Karakul Lake (meaning "black lake") is located approximately 200km from Kashgar, Xinjiang province, China, in Kizilsu Kirgiz Autonomous Prefecture on the Karakoram Highway, before reaching Tashkurgan and the Khunjerab Pass on the China - Pakistan border. At an altitude of 3600m (though a height of nearer 3,900 m has been quoted), it is the highest lake of the Pamir plateau, near the junction of the Pamir, Tian Shan and Kunlun mountain ranges. Surrounded by mountains which remain snow-covered throughout the year, the three highest peaks visible from the lake are Muztagh Ata (7546m), Kongur Tagh (7649m) and Kongur Tiube (7530m). The lake is popular among travelers for its unreal scenery and the clarity of its reflection in the water, whose color ranges from a dark green to azure and light blue. There are two Kirgiz settlements along the shore of Karakul lake, a small number of yurts about 1km east of the bus drop-off point and a village with stone houses located on the western shores.
Flora and fauna
Fall can be quite cold and windy, and a same day return to Kashgar should be considered if you're not well prepared.
A permit may be required for visitors who wish to stay the night, although overnight visitors to the lake in May 2013 were not required to get permits.

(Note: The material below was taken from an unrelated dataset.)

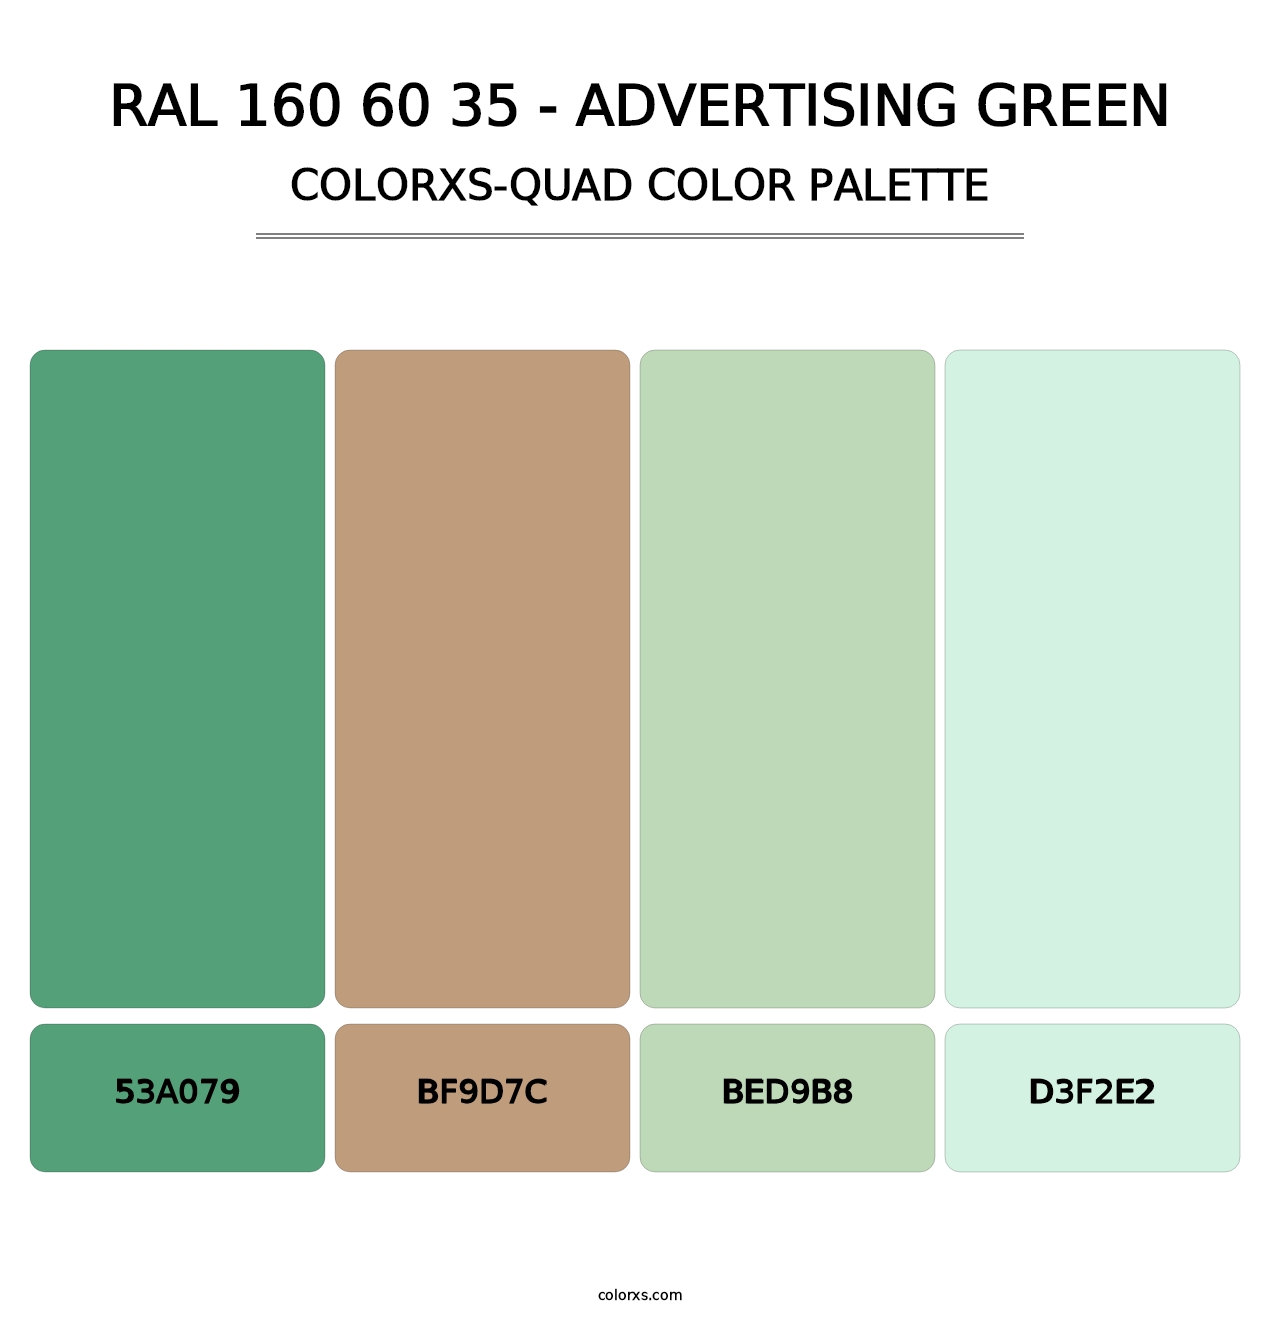 RAL 160 60 35 - Advertising Green - Colorxs Quad Palette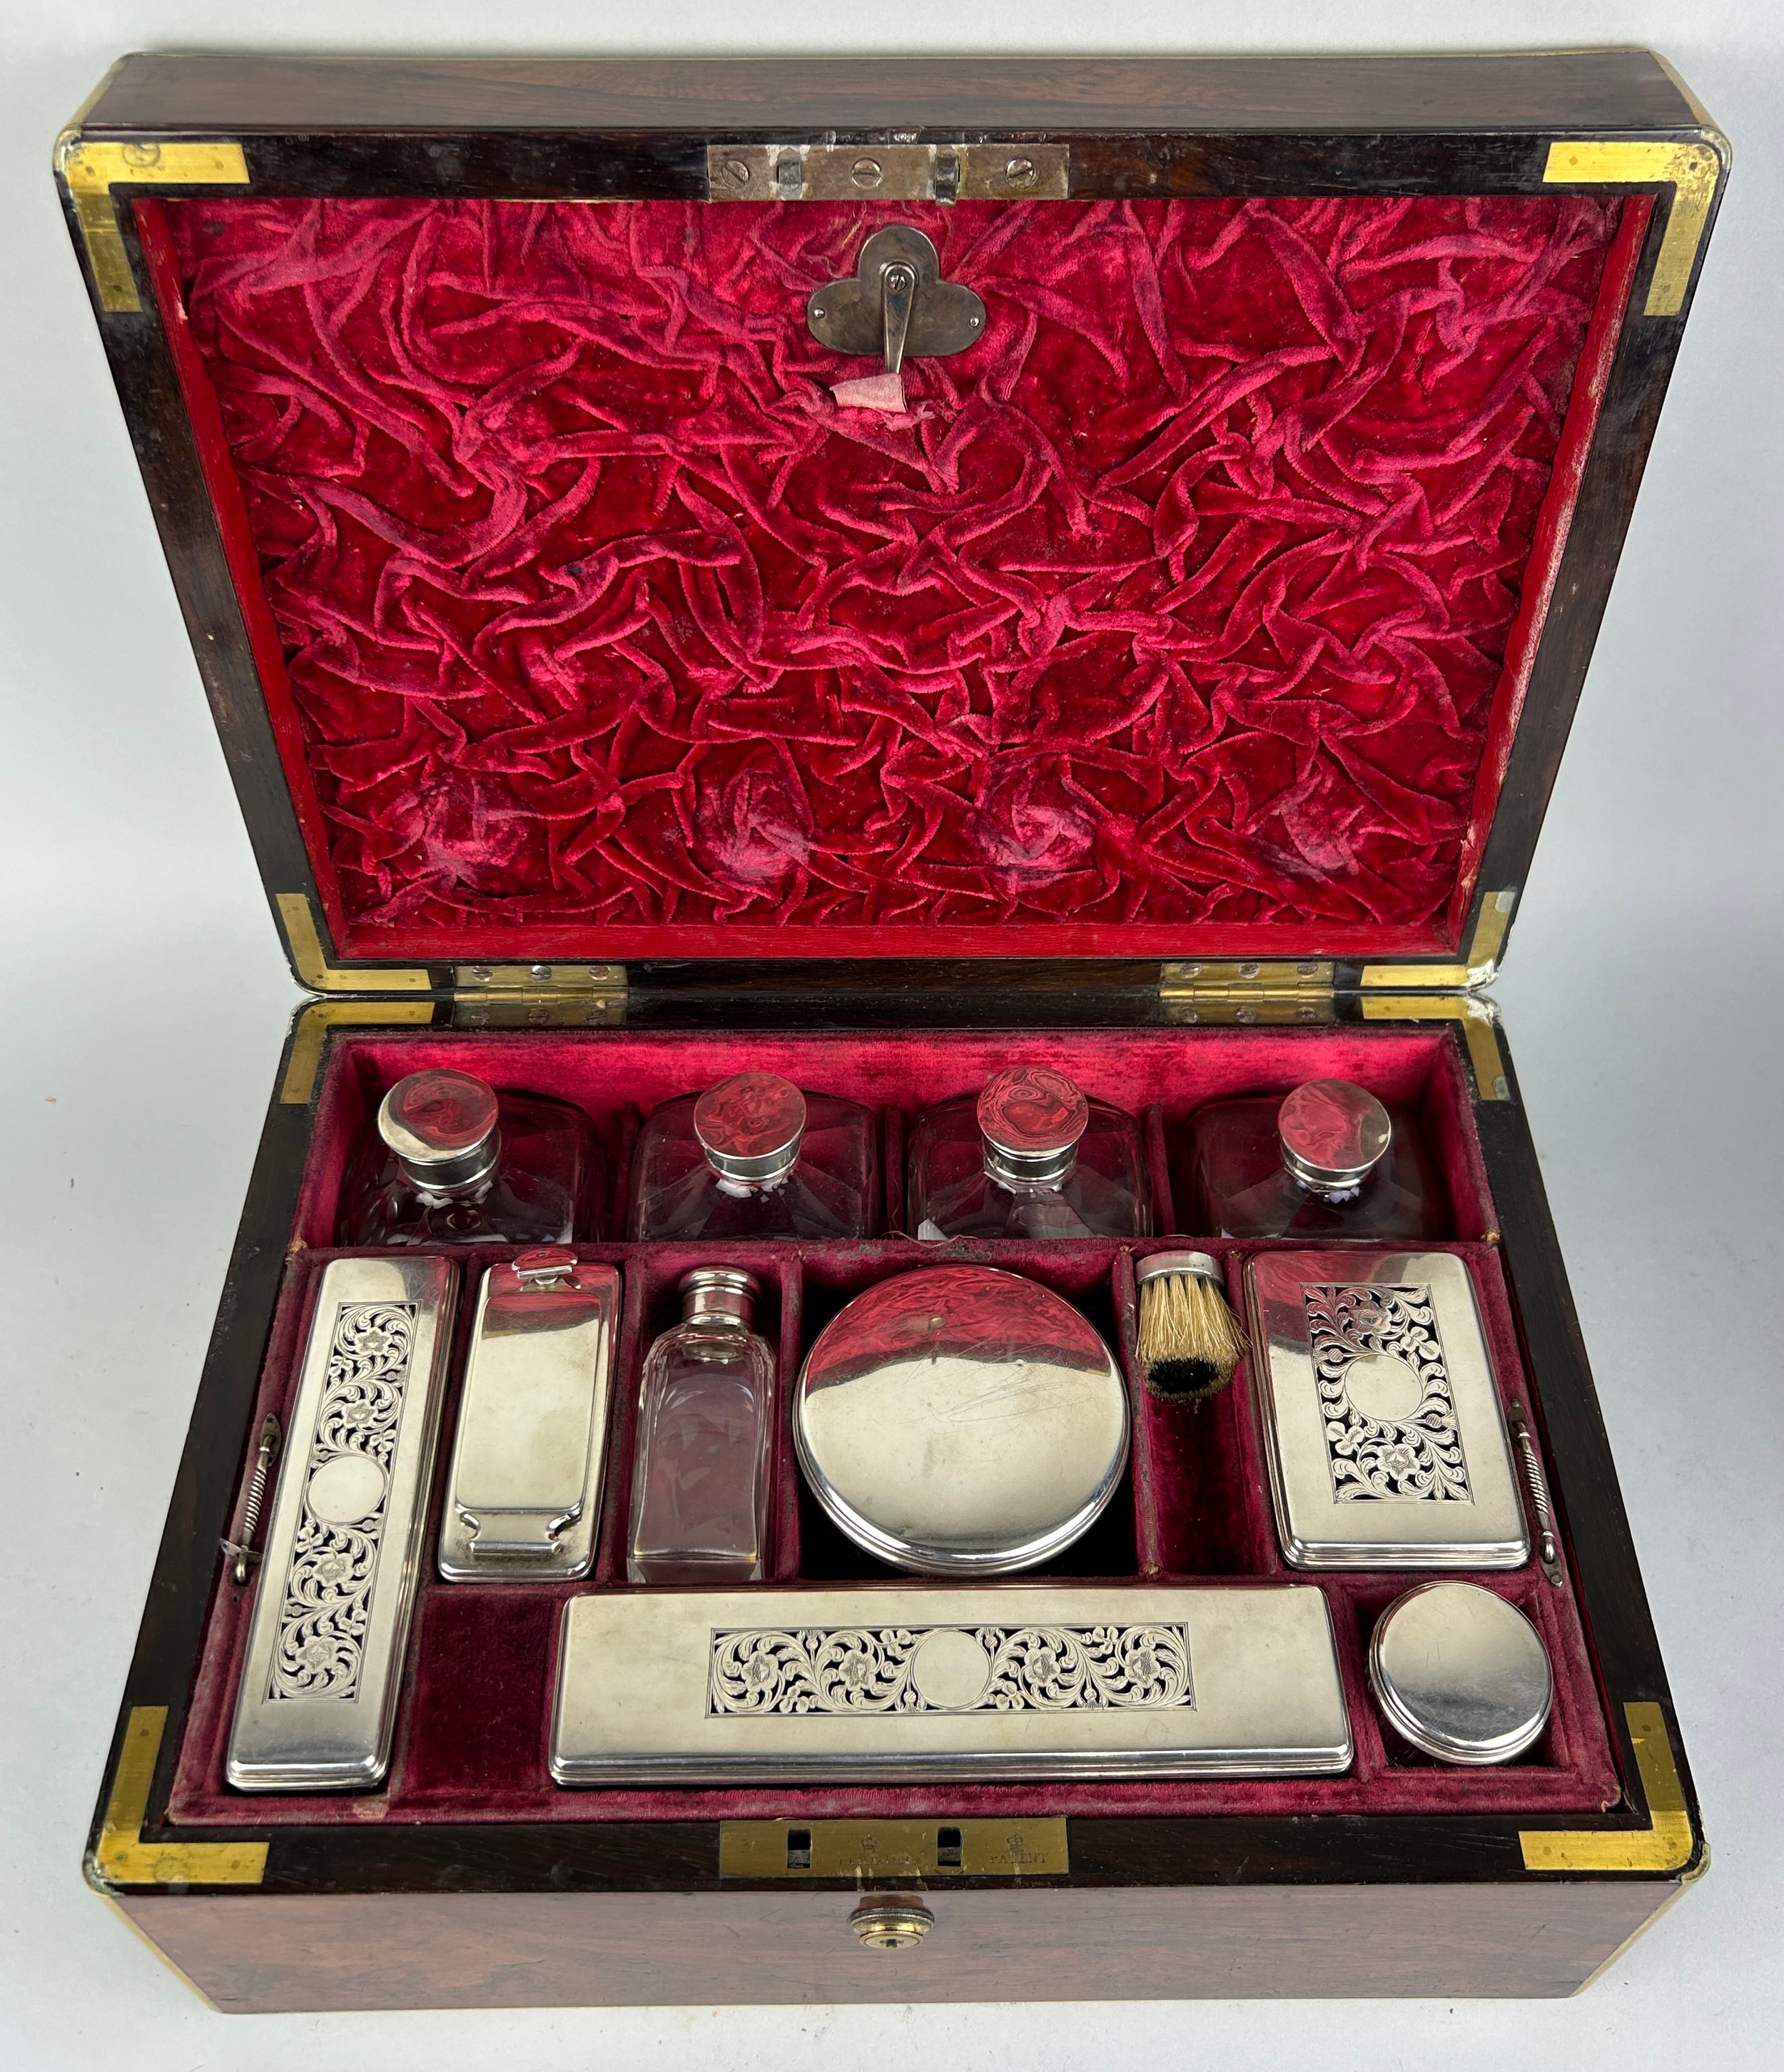 A 19TH CENTURY SILVER VANITY SET IN A CAMPAIGN BOX WITH BRASS HANDLES, 35cm x 25cm x 15cm

This permit is checked sometimes by the local police in the lake area. This can be very difficult to arrange on your own, but all travel agencies in Kashgar are familiar with the process. However, ignore all agents who tell you that daytrips require a permit.
Three daily buses (¥36) heading for Tashkurgan which passes the lake leaves from the long distance bus station in Kashgar at 10AM, 11AM, and noon Beijing Time. It arrives at the lake after about 4-5 hours (in May 2013 it was taking up to six hours). However, tickets tend to sell out early, so it is best to buy tickets the day before.
A more reliable means of travelling there is a bus that leaves from TaXian BanShiChu 塔县办事处 (It is best to take a taxi to this is at the edge of Kashgar town). Tickets are ¥51 per person and buses leave at daily 9:30 a.m daily. It is also possible to hitch a ride with trucks from here. As always, bargain hard!
Another way to get to Karakul Lake is to book a tour through a travel agency. A reasonable price is ¥200 per person round trip for a day trip with about 2-3 hours at the lake, although such a low price must be bargained hard. There are tourists who are willing to pay ¥4,000 for a two day trip to the lake, and the travel agencies would like to charge that much if possible. ¥200 is on the very low side, actually, but is possible depending on the season.
Alternatively, a taxi can be booked from most hotels in Kashgar for a set price of ¥500 per car, per day (i.e. it can be done as a day trip). The plus is that a shared taxi will take about 2-3 hours to get there.
There are reports of permits being required for non-PRC citizens traveling on the Karokoram Highway, but no permit was required as of April, 2013. See above.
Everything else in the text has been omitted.